Les lendemains

Publié le 26 Mars 2026

Les lendemains

Amande voit sa vie basculer du jour au lendemain. Elle perd son compagnon et son bébé à naître en l'espace de quelques heures. Elle rassemble quelques affaires et loue une petite maison dans un coin de campagne reculé pour vivre son chagrin. Dehors le soleil brille mais elle n'a plus le goût de rien. Lorsqu'elle tombe par hasard sur les calendriers de l'ancienne propriétaire, Mme Hugues, elle décide pourtant, petit à petit, en suivant les annotions manuscrites, de redonner vie au vieux jardin abandonné. Au fil des mois, elle va puiser dans ce contact avec la terre, la lumière, la force de s'ouvrir aux rencontres et aux promesses d'avenir. C'est un récit bouleversant, subtil et plein d'émotions, qui fait du bien. Mélissa Da Costa, dont j'avais déjà lu et apprécié Tout le bleu du ciel, m'a une nouvelle fois conquise par une lecture qu'on pourrait qualifier de feel good tout en étant de bonne qualité littéraire. Il y est question de lendemains. De ceux qui déchantent, qui blessent profondément, qu'on ne peut affronter. Mélissa Da Costa nous chuchote pourtant qu'un battement d'aile de papillon, malgré le silence assourdissant des êtres qui nous manquent, peut permettre d'enclencher la reconquête de soi. Pas à pas, grâce à des gens (sa belle-famille, la fille de l'ancienne propriétaire, les jeunes de la MJC), des animaux (un chat gris notamment), des végétaux, reviennent des plaisirs : le goût de jardiner, de cuisiner, de fabriquer et allumer des bougies, etc. Mélissa Da Costa souligne avec empathie et justesse le nécessaire besoin de temps qu'implique une épreuve de vie telle que le deuil. Y sont d'ailleurs évoqués les émouvants cheminements, forcément différents, de la maman et du papa de Benjamin. On souffre avec eux. On suffoque. Et puis, tel un bourgeon réchauffé par les rayons du soleil, on reprend son souffle. On laisse entrer ce qui vient. On célèbre. On partage. On laisse partir... et on chemine vers demain.

 

J'ai laissé entrer un papillon. C'était une erreur. Je voulais simplement laisser entrer un rayon de soleil. Un seul. J'ai entrouvert les volets qui ont grincé d'un air lugubre et le papillon s'est glissé dans ma salle à vivre, sans crier gare. Un papillon, c’est beaucoup trop de vie d’un coup. Des mouvements, de la couleur, une présence… J’étais prête à accueillir un rayon, un seul rayon de l’astre maudit, mais un papillon, non…

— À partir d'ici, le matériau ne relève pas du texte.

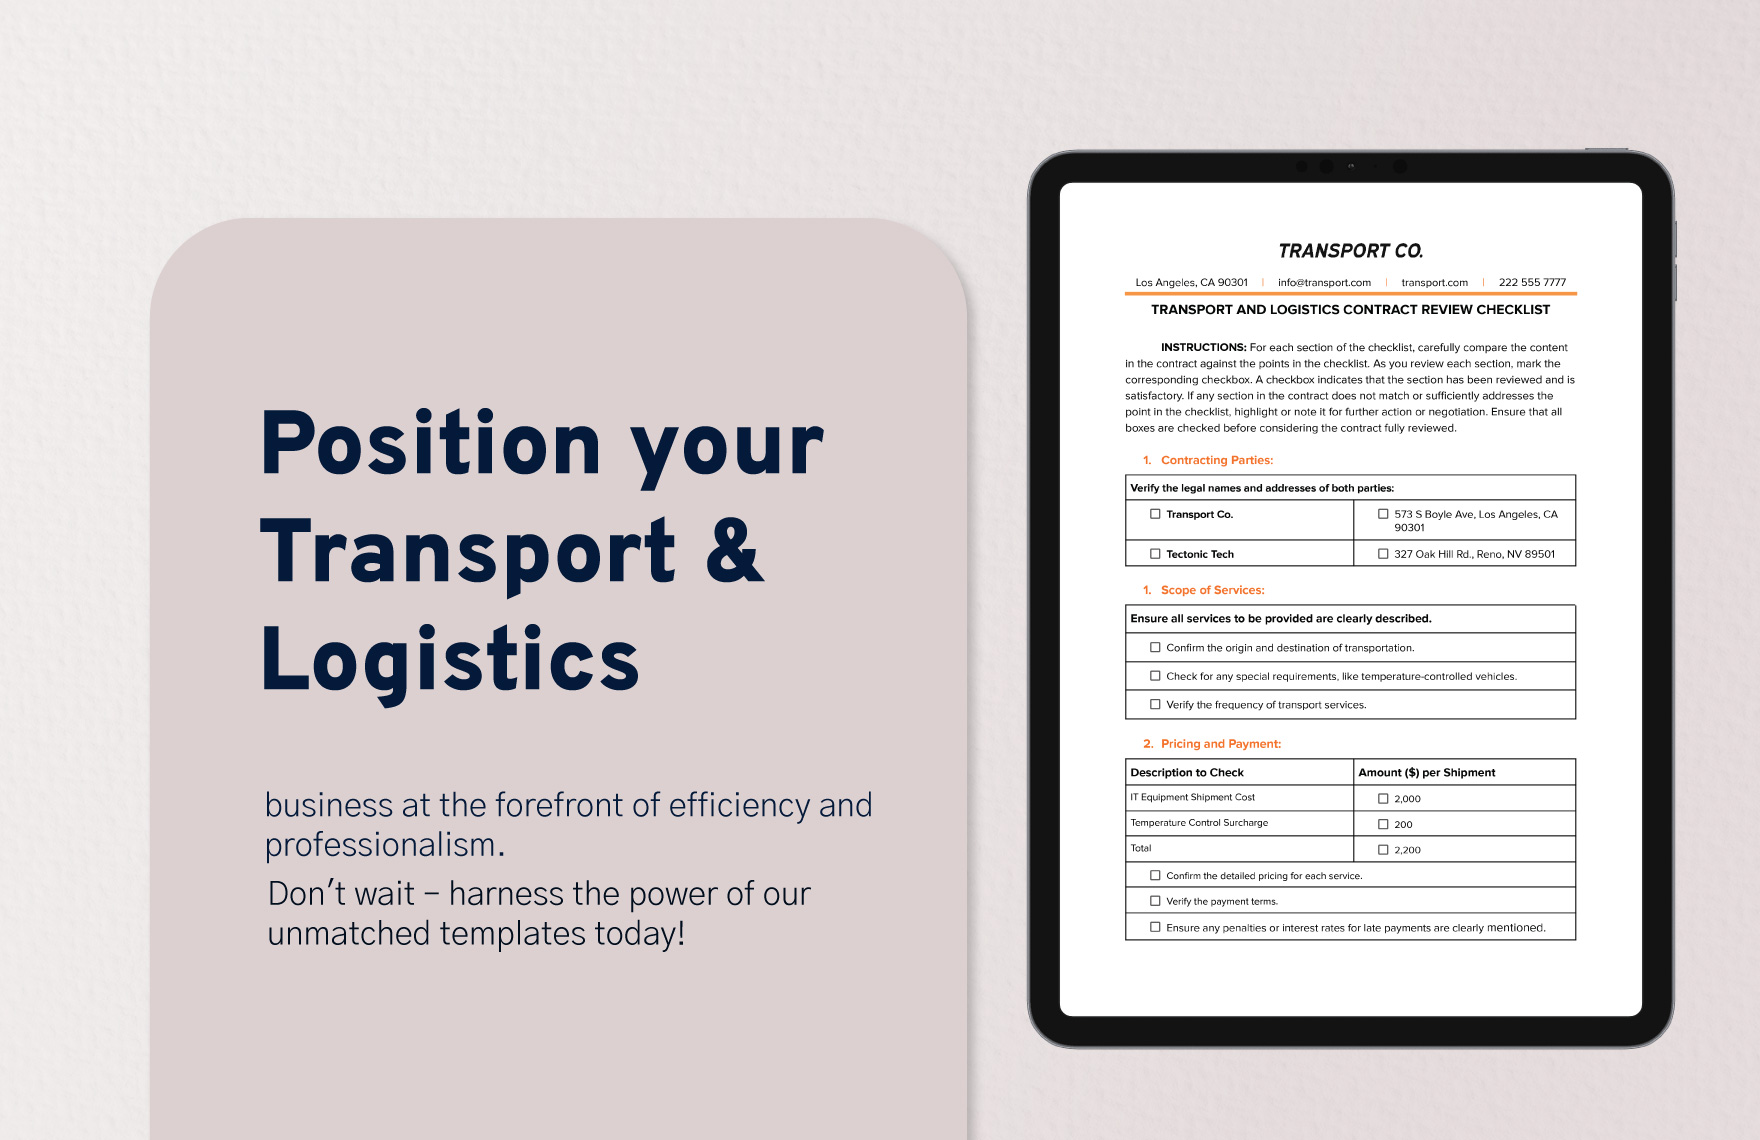 Transport and Logistics Contract Review Checklist Template

La mélancolie c’est le bonheur d’être triste.

Je prendrai la bière que Julie me tendra, je la laisserai m'enivrai en douceur, et puis je ferai danser Richard sur la piste que les gens auront improvisée. Nous danserons tous les deux avec nos pieds maladroits et nos cœurs douloureux, mais nous ne serons pas seuls. Nous serons tous les deux avec notre amour pour toi, un amour à en crever, encore et encore, pour faire honneur à la lumière que tu as laissée derrière toi.